Anti-abortion lawmakers, beware. Planned Parenthood's political operations are planning their largest-ever campaign blitz for this year's midterm and gubernatorial elections, poised to pour millions into key races that could determine who controls Congress.
The group's political arm has in the past bought up gobs of campaign-season airtime to attack social conservatives as "extreme." Their track record is mixed, but the abortion provider played at least some role in the defeat last year of Republican gubernatorial candidate Ken Cuccinelli in Virginia.
Counting what Planned Parenthood spent in that race, the organization is planning to spend more than $18 million this cycle.
The spending largely would come from Planned Parenthood Action Fund and Planned Parenthood Votes, a super PAC. The sum would easily make them among the highest-spending outside Democratic players in this year's elections.
The numbers, confirmed by Fox News, were first reported by Politico.
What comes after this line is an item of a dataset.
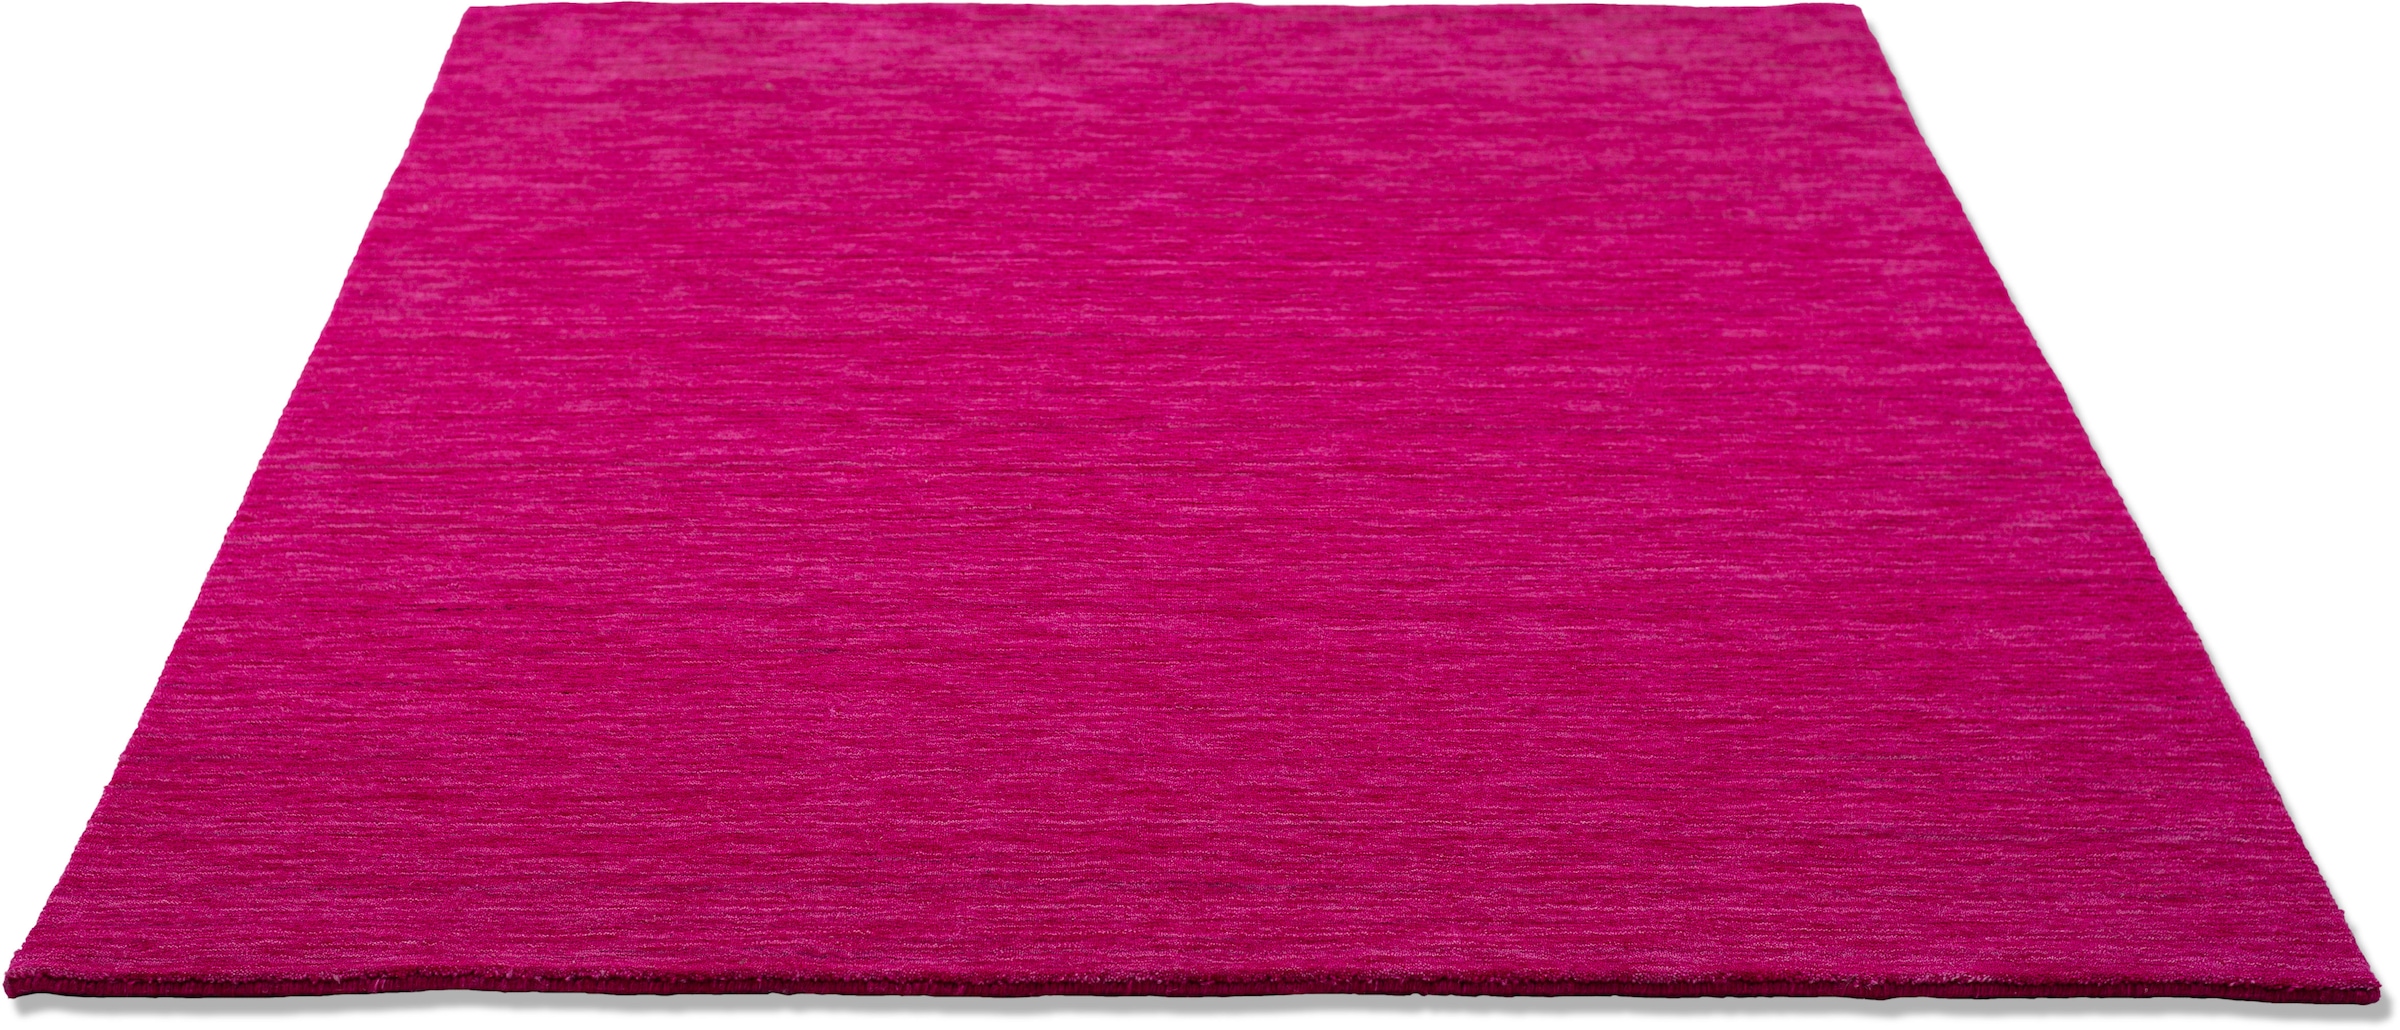 THEKO Wollteppich »Holi«, rechteckig, Uni-Farben, leicht meliert, reine Wolle, handgewebt mit Knüpfoptik

The plans suggest that Democrats' rallying cry in 2012 that Republicans were waging a "war on women" will return in some fashion this year -- as groups like Planned Parenthood hammer abortion rights, women's health and other issues on the airwaves.
"The bottom line is: Many of these races are going to be determined by women and women voters," Cecile Richards, president of the Planned Parenthood Action Fund, told Politico. "To the extent that we still have politicians who are running on a platform to repeal women's access to health care and women's rights, that's a losing proposition. ... We will absolutely be on the offense on these issues."
The groups plan to spend in at least 14 states, including in competitive Senate races like those in Alaska and North Carolina. The Senate is the big battlefield this year, as Republicans need to gain just six seats to gain the majority -- and Democrats are planning to fight hard to hold their ground.
Planned Parenthood itself has been a perennial target of Republicans, and friction between the GOP and the abortion provider is substantial.
GOP lawmakers have fought in the past to strip ObamaCare grant money for Planned Parenthood outfits, and defund the group entirely. Republicans also blasted the "war on women" cry as overblown, and at times hypocritical.
Lila Rose, president and founder of anti-abortion group Live Action, said Planned Parenthood's plans to spend millions on the elections should fuel calls to strip taxpayer funding for the group.
"There are no winners, except those making money by selling abortions, when Big Abortion leader Planned Parenthood pours millions into America's elections," she said in a statement.
Democrats still retain the advantage among women voters, something Planned Parenthood surely aims to build on. Exit polls showed Obama won 55 percent of the women vote in 2012.
Planned Parenthood spent nearly $12 million in 2012, according to the Center for Responsive Politics -- mostly from Planned Parenthood Action Fund and Planned Parenthood Votes. More than half of that went toward opposing candidates.
According to Politico, Planned Parenthood plans to get involved in Texas, where abortion-rights crusader Wendy Davis is running for governor. The campaign reportedly will begin with digital ads in Texas, as well as North Carolina and Alaska.